Shares of several Chinese brokerage firms climbed on Thursday after China International Capital Corp (CICC) revealed plans to acquire two competitors, sparking renewed expectations of consolidation across China’s $1.6 trillion securities industry. The state-owned investment bank announced it will absorb Dongxing Securities and Cinda Securities through share-swap deals designed to accelerate growth, enhance operational efficiency, and support ongoing financial market reforms.
Once completed, the merger will create China’s fourth-largest investment banking powerhouse with assets surpassing 1 trillion yuan (about $140 billion), placing it just behind industry leaders CITIC Securities, Guotai Haitong Securities, and Huatai Securities. The move aligns with Beijing’s long-term strategy to streamline the crowded brokerage landscape—currently home to roughly 150 firms—and cultivate globally competitive financial institutions capable of supporting the nation’s economic ambitions.
Citi analysts noted that the acquisitions would help CICC “replenish capital” and improve its scale relative to major rivals, especially given Dongxing and Cinda’s strong capital positions and established retail operations. Trading for all three companies—CICC, Dongxing, and Cinda—was suspended following the announcement.

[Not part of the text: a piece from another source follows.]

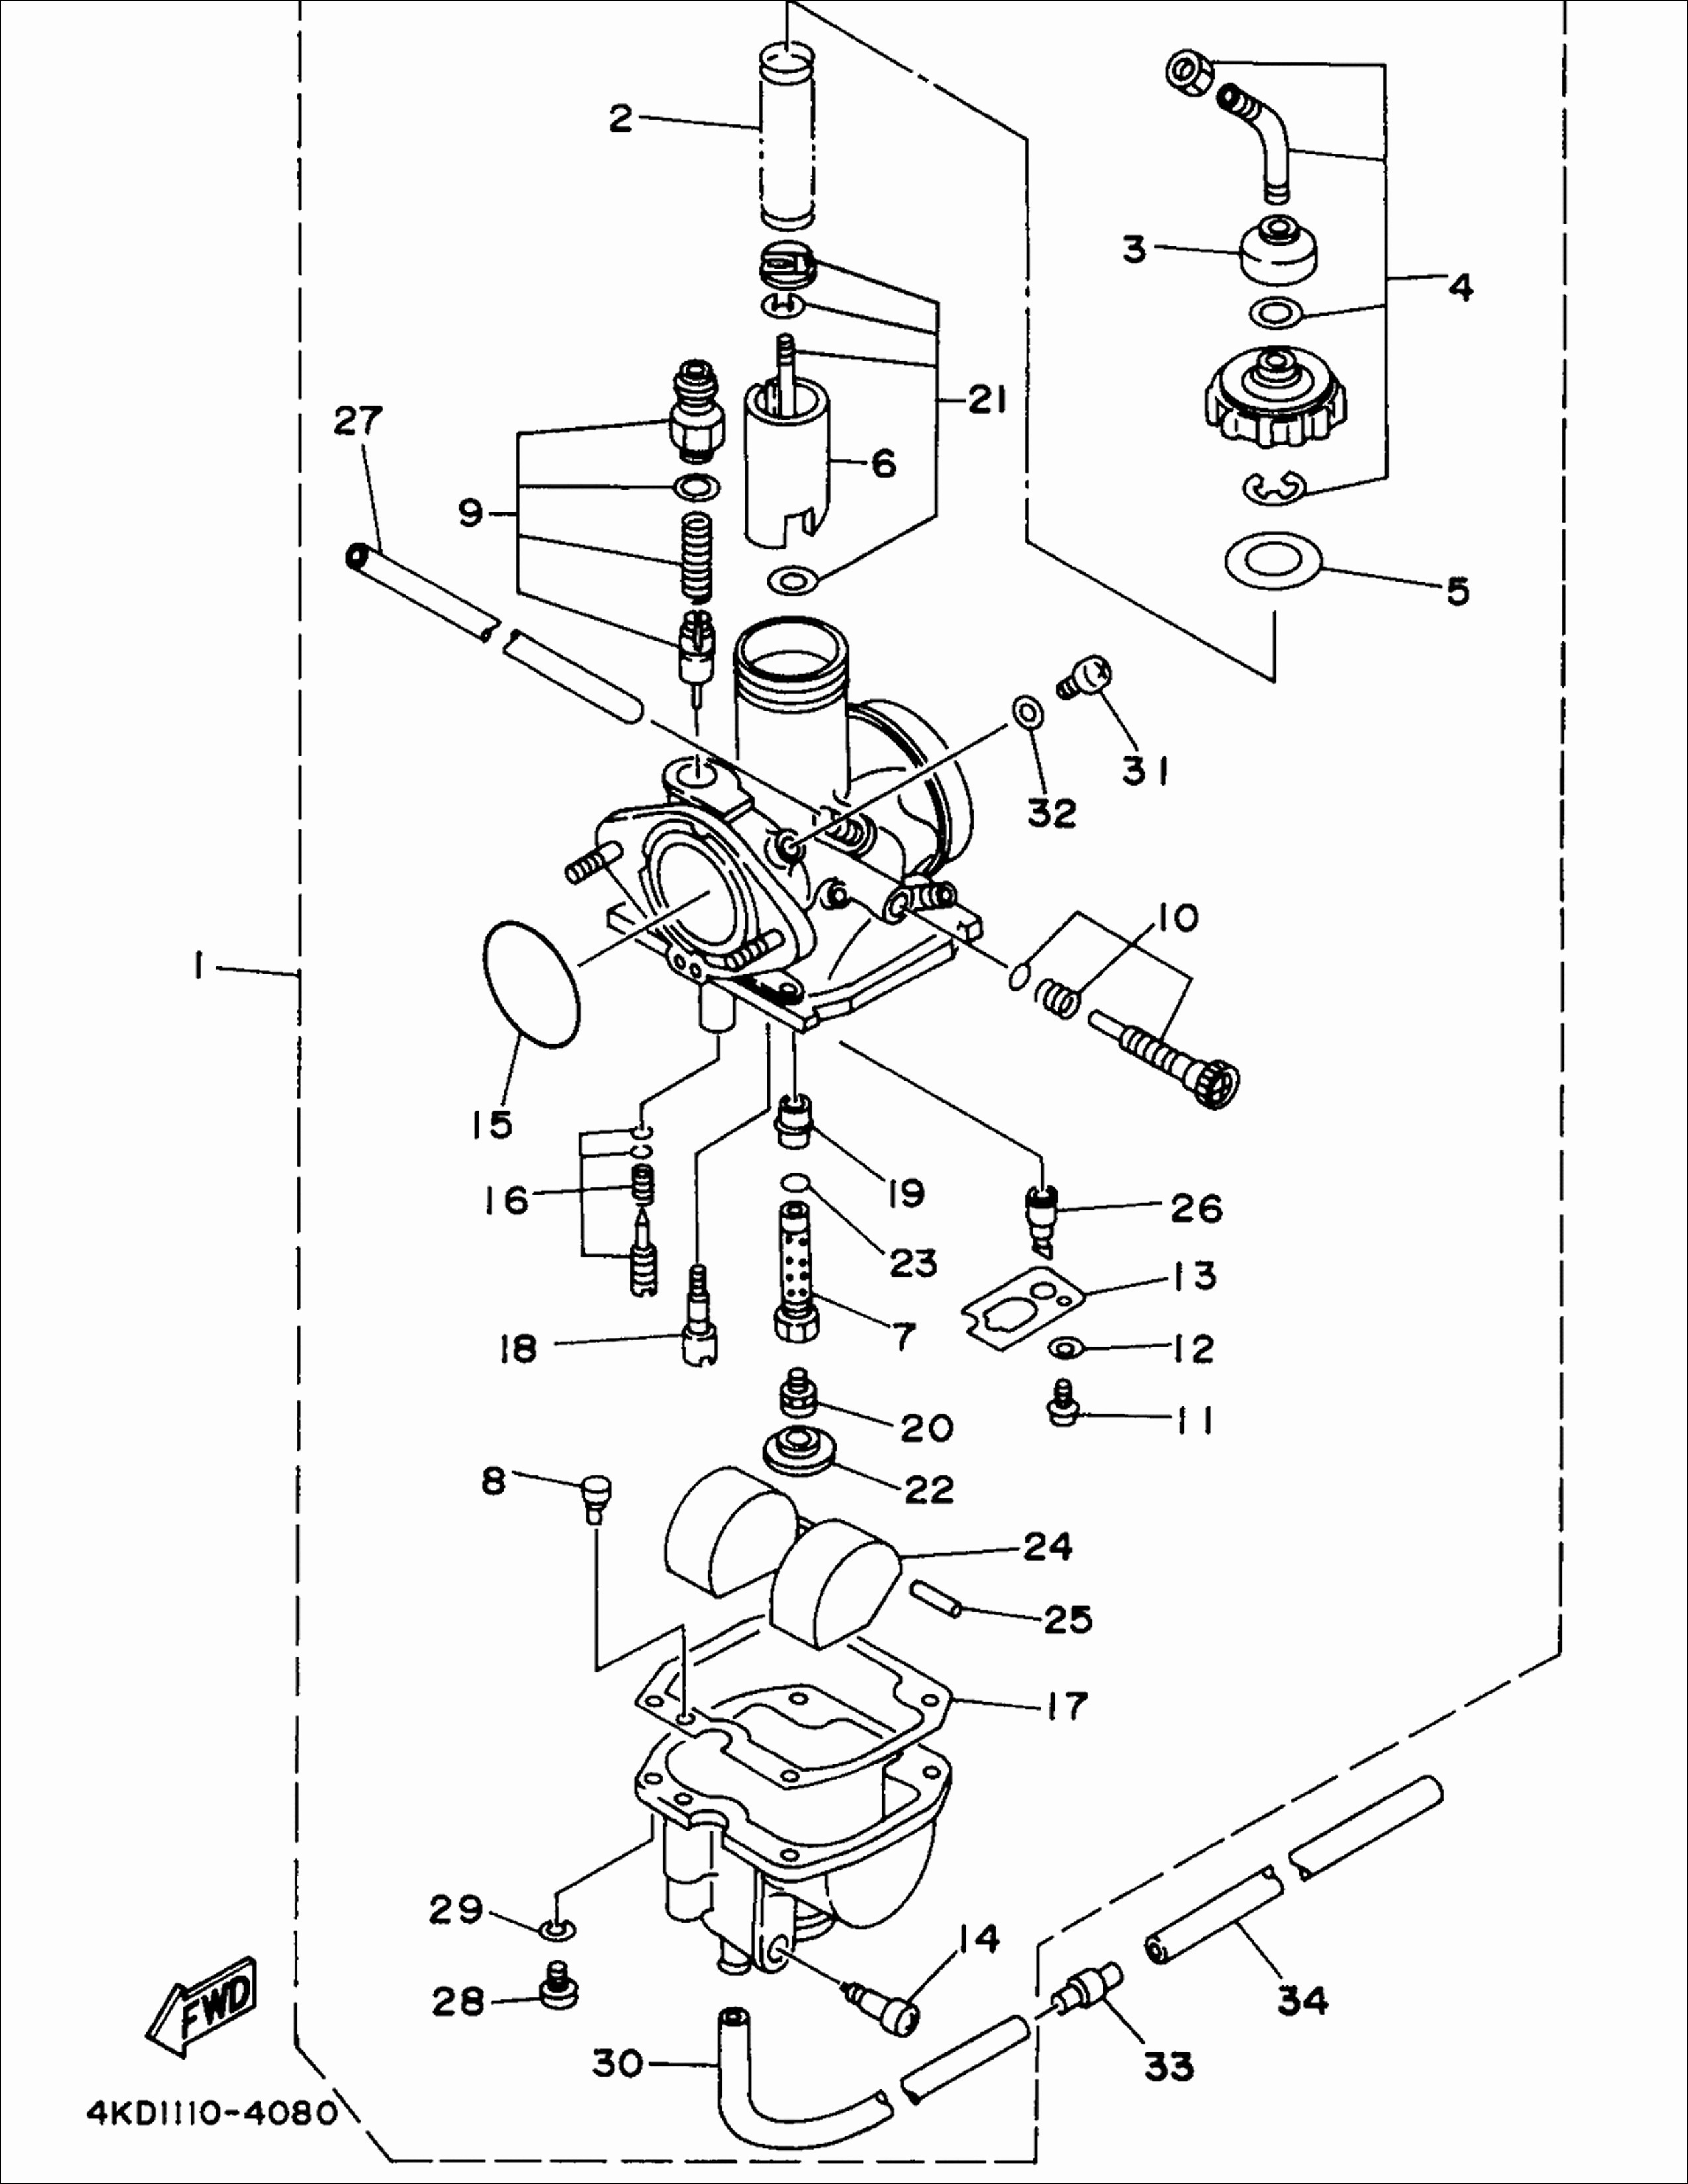 2008 Jeep Wrangler Radio Wiring Diagram

The broader market responded positively, with investors betting on additional mergers and market restructuring. Capital Securities in mainland China advanced 5%, while Hong Kong-listed Orient Securities added 4%. Shenwan Hongyuan Group also gained 2.5%, reflecting optimism that more brokerage tie-ups could follow.

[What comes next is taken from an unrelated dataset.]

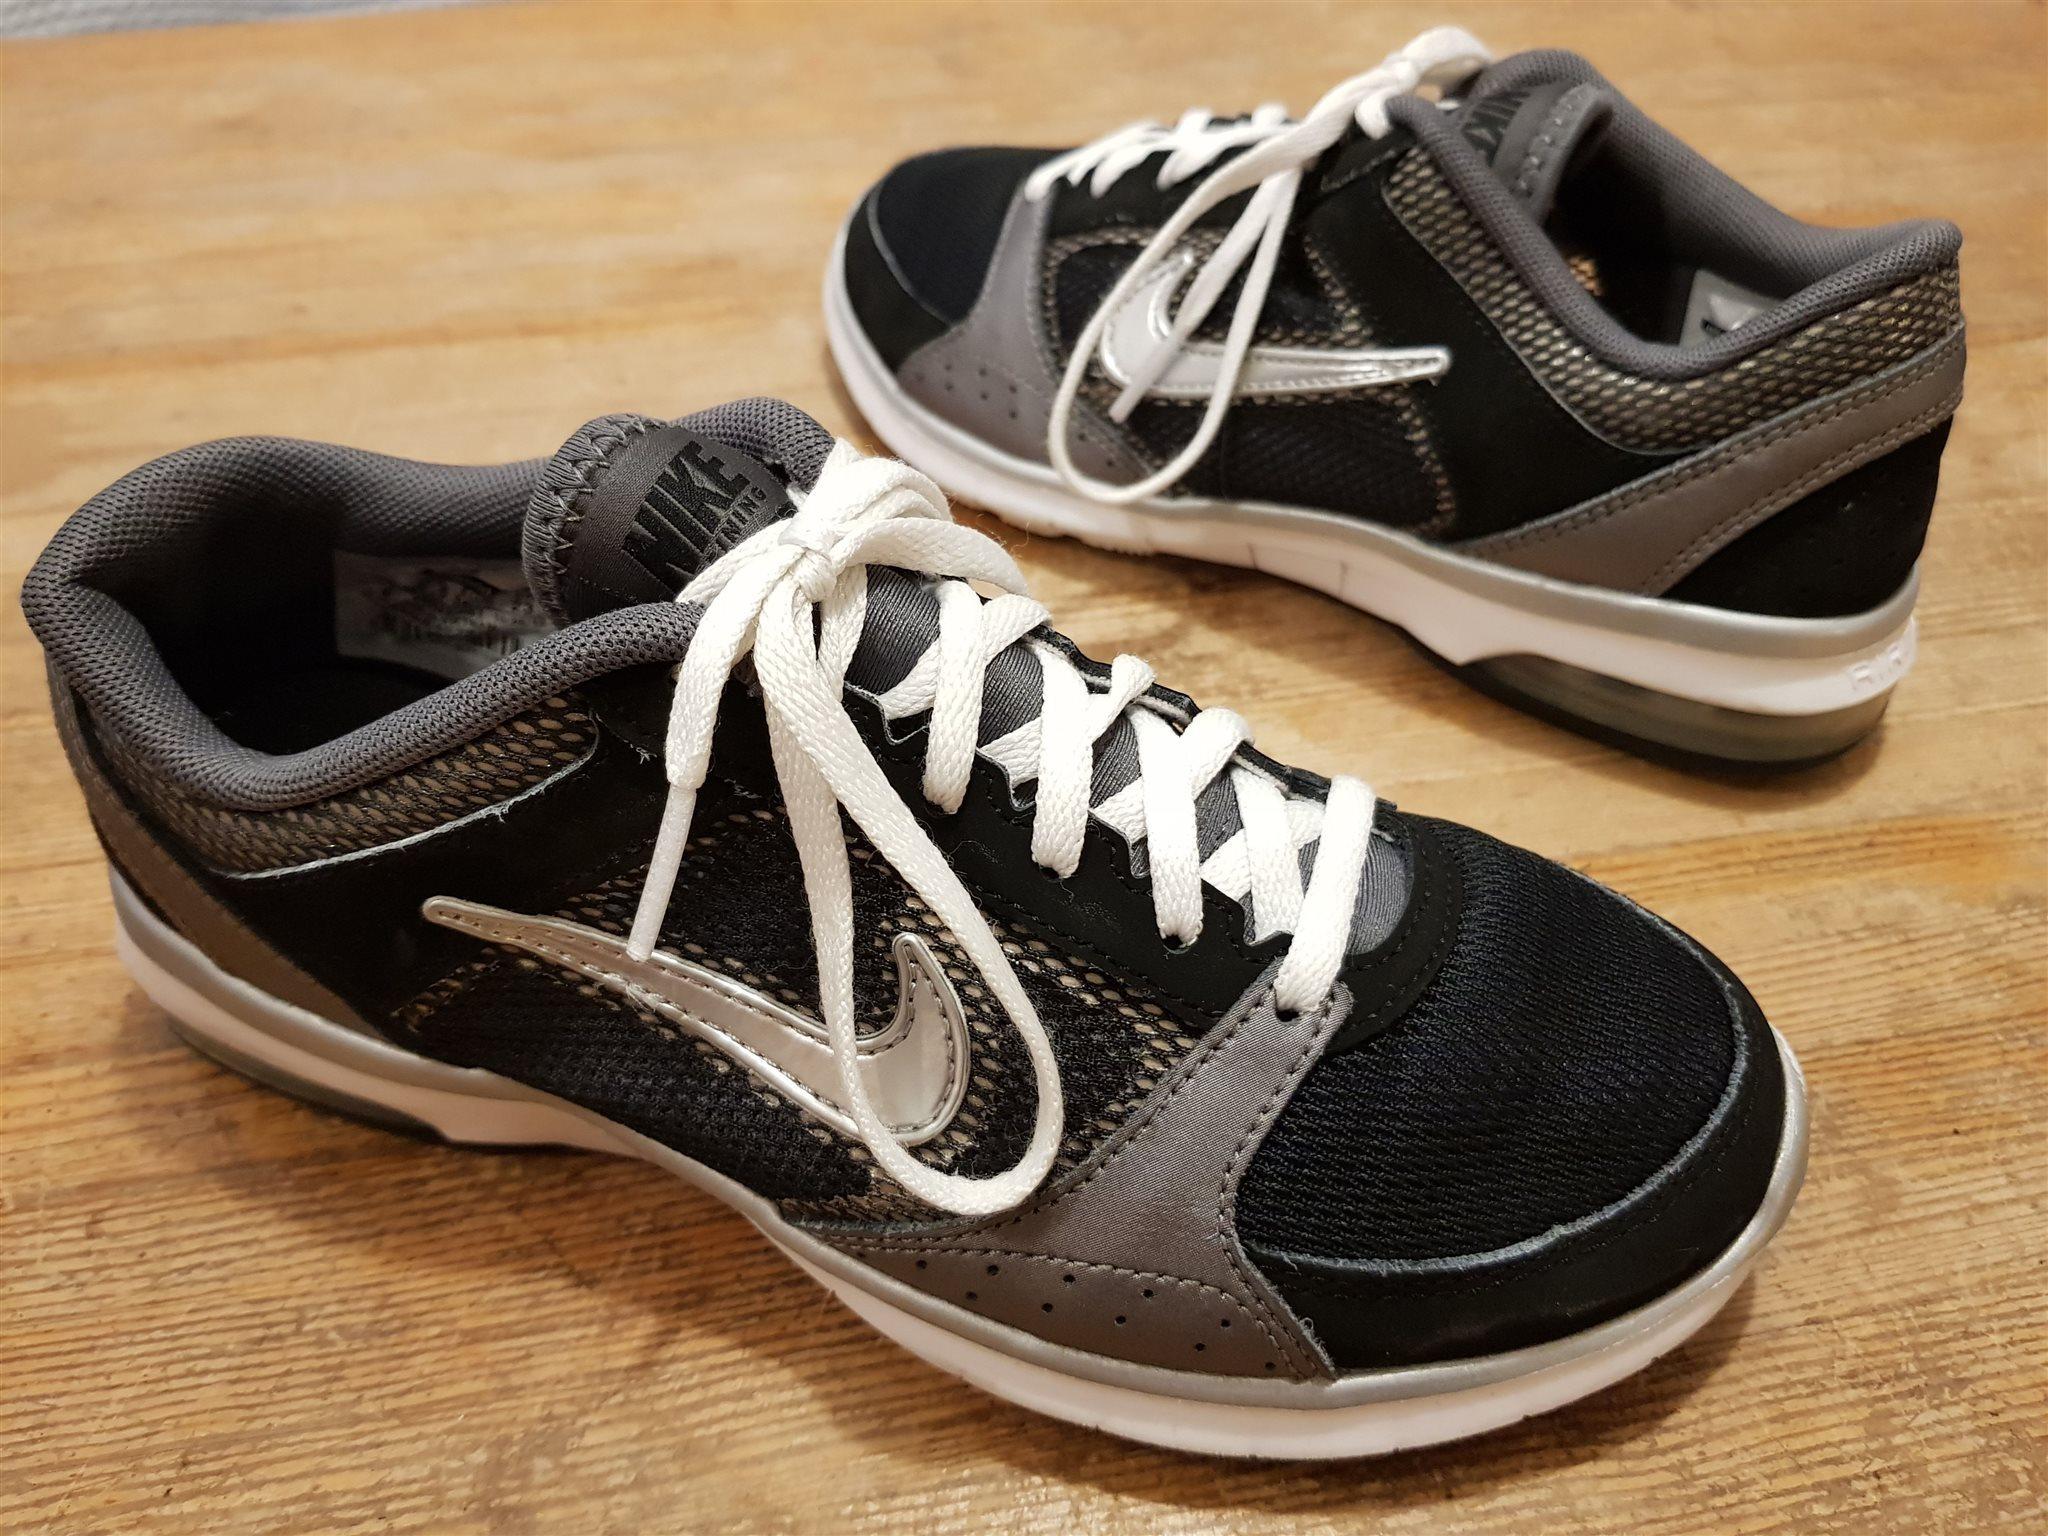 newest collection 12dbc 5c802 Löparskor sportskor Nike Air Max Fit Training sneakers str 36,5 i fint skick

However, the full scope of CICC’s M&A ambitions remains uncertain. Earlier this year, Reuters reported that CICC had explored a potential merger with Galaxy Securities, signaling that more consolidation moves may be on the horizon as the government continues to push for stronger, more efficient financial institutions.
Overall, CICC’s latest acquisition plan underscores the accelerating transformation of China’s securities sector and highlights investor anticipation for further industry-wide restructuring.